Other ways of publishing. A few noted other forms of book publishing, like MEAP (Manning Early Access Program) and what Ed Bott’s doing with his Windows 8 title. I’m not familiar with either, sorry, but if I’m understanding this properly, and perhaps using Charles Petzold’s new Programming Windows book as a guide, those publishing styles are a bit more like traditional publishing than I’d like. I don’t want to write 5 or 8 chapters or whatever and then present it to the world. I want to write parts and then present it much more frequently—perhaps daily in many cases—so I can get feedback immediately. So while I will be the one writing the book, per se, it will be heavily influenced by feedback and, hopefully, made into something that is more complete/concise/correct … or just “better.” I can already write a book, I’ve written something like 25 of them. I don’t want to do that this time. And if this works out, this is the future.

Compared to wiki/help file/etc. Many have compared the plan here to a crowd-sourced wiki, help page, or similar, and that’s probably fair. One thing I’ll bring to this, however, is a book structure. There will be a “cover,” front matter with introduction, “chapters,” and so on. It will be structured something like a book. I think. We’ll see. :) That said, there are issues around referencing other parts of the book. For example, in a book like Windows 8 Secrets, we will have a line like, “we discuss this feature more in Chapter xx” or whatever. While writing what I think of as a book-book, these passages are often highlighted in yellow so we remember to go back and make sure they’re always correct. There are absolutely mechanical parts of this process I’ve never had to deal with before. But the structure of this book—by “chapter,” by topic, by scenario, or however it comes out—will help drive this. Ideally, the book will be structured in such a way that one could read it front to back or just cherry pick topics and not worry about referencing other parts too much.
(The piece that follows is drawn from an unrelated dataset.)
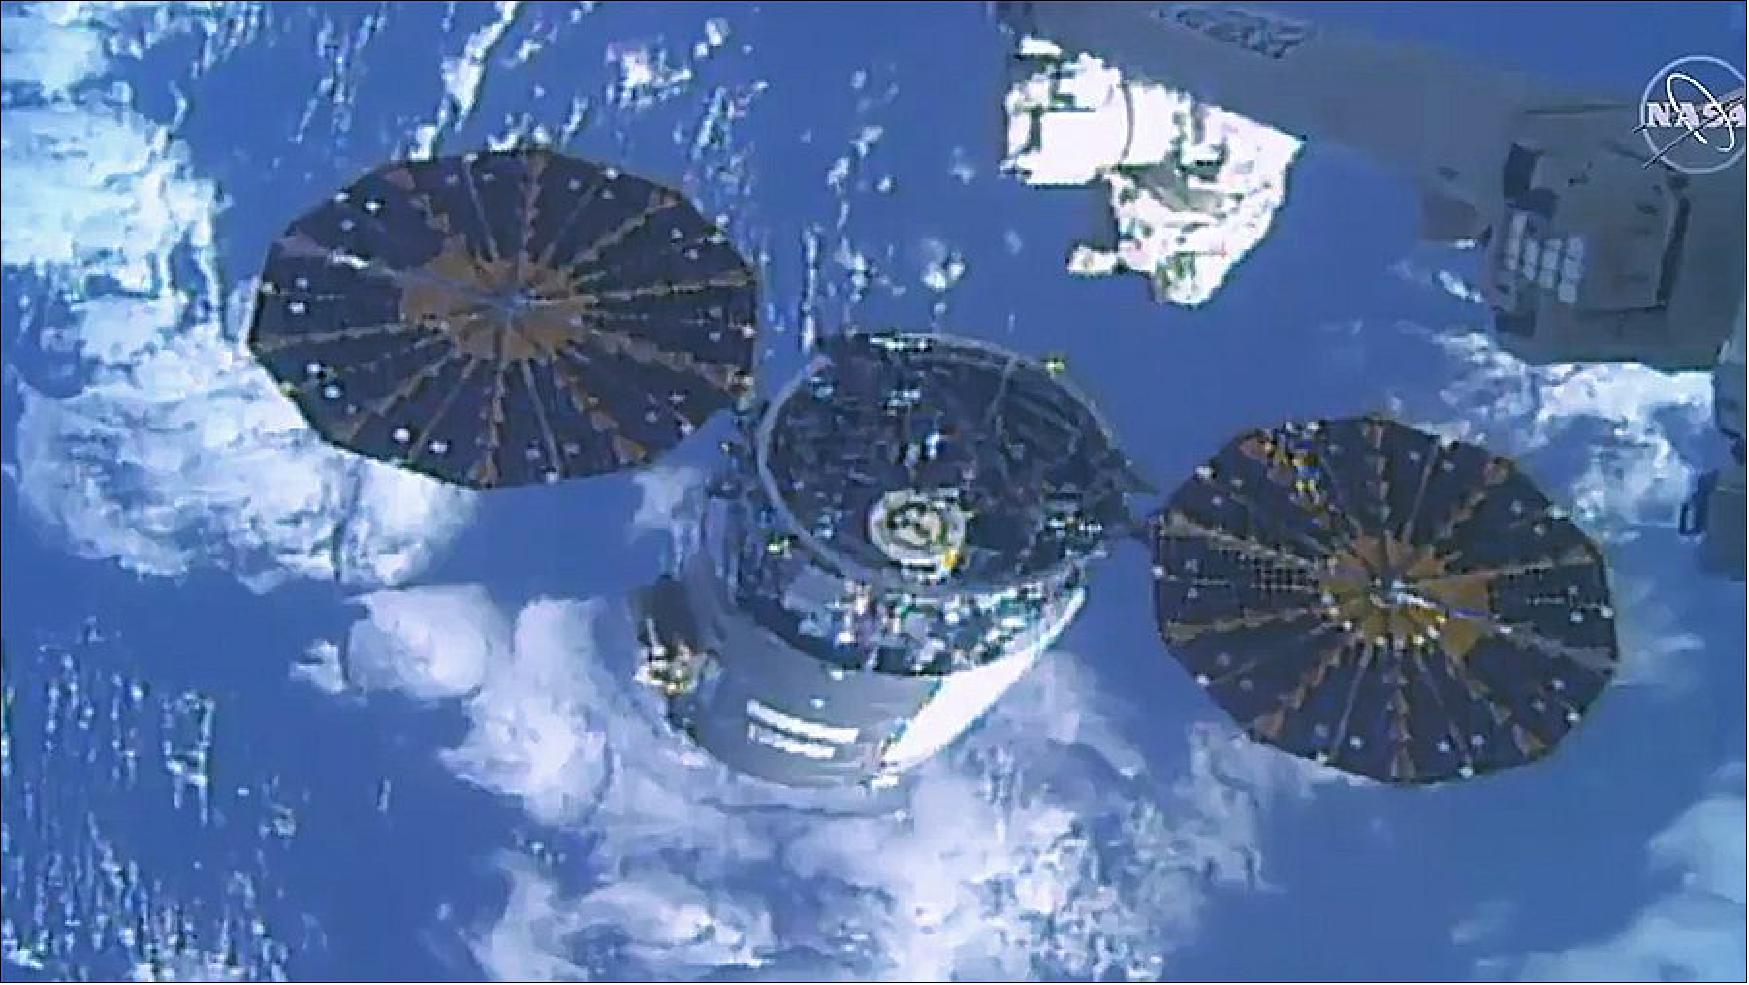 Figure 5: In this frame from NASA TV, the U.S. Cygnus space freighter from Northrop Grumman is pictured moments after being released from the space station’s Canadarm2 robotic arm (image credit: NASA)

Hyperlinks. In a similar vein, a true, electronic-only title could have lots of hyperlinks in it for moving around in the book. I suspect this will be part of it, but we’ll need to figure out how to handle those links in the “print” and eBook versions. Maybe just traditional references.

Specific content ideas. A few people have made suggestions about the types of things that could be in the book. One thing I wanted to include in Windows Phone Secrets but had to cut because it was just too early in the product’s lifetime and the information/capabilities just weren’t there yet was the notion of a “how to transition to Windows Phone from other platforms” chapter. This should of course be a part of this book. But I’ll begin the discussion about how I view the content/topic/chapter list soon. Obviously, this one has sort of been preoccupying me lately.

Research. One thing that you may find interesting is how I cull information. One of the next posts will be a deconstruction of the Windows Phone Summit event from June which is still, I believe, Microsoft’s only major public communication about Windows Phone 8. I’ll watch the video, take notes, and show how I’d break what’s in there down into specific parts of the book. I’ll do similar breakdowns for other sources of information I already have, too, and in the future will do so from meeting notes and future events.

OK, hopefully I didn’t miss anything. I’ll be commenting inline in the comments section normally, of course, but I just wanted to kick this off in way that makes sense for where we are at the beginning of this.

I think the next thing will be a topic breakdown. One thing I’ve learned from doing this for so long is that the first version is always a mess, and will always change.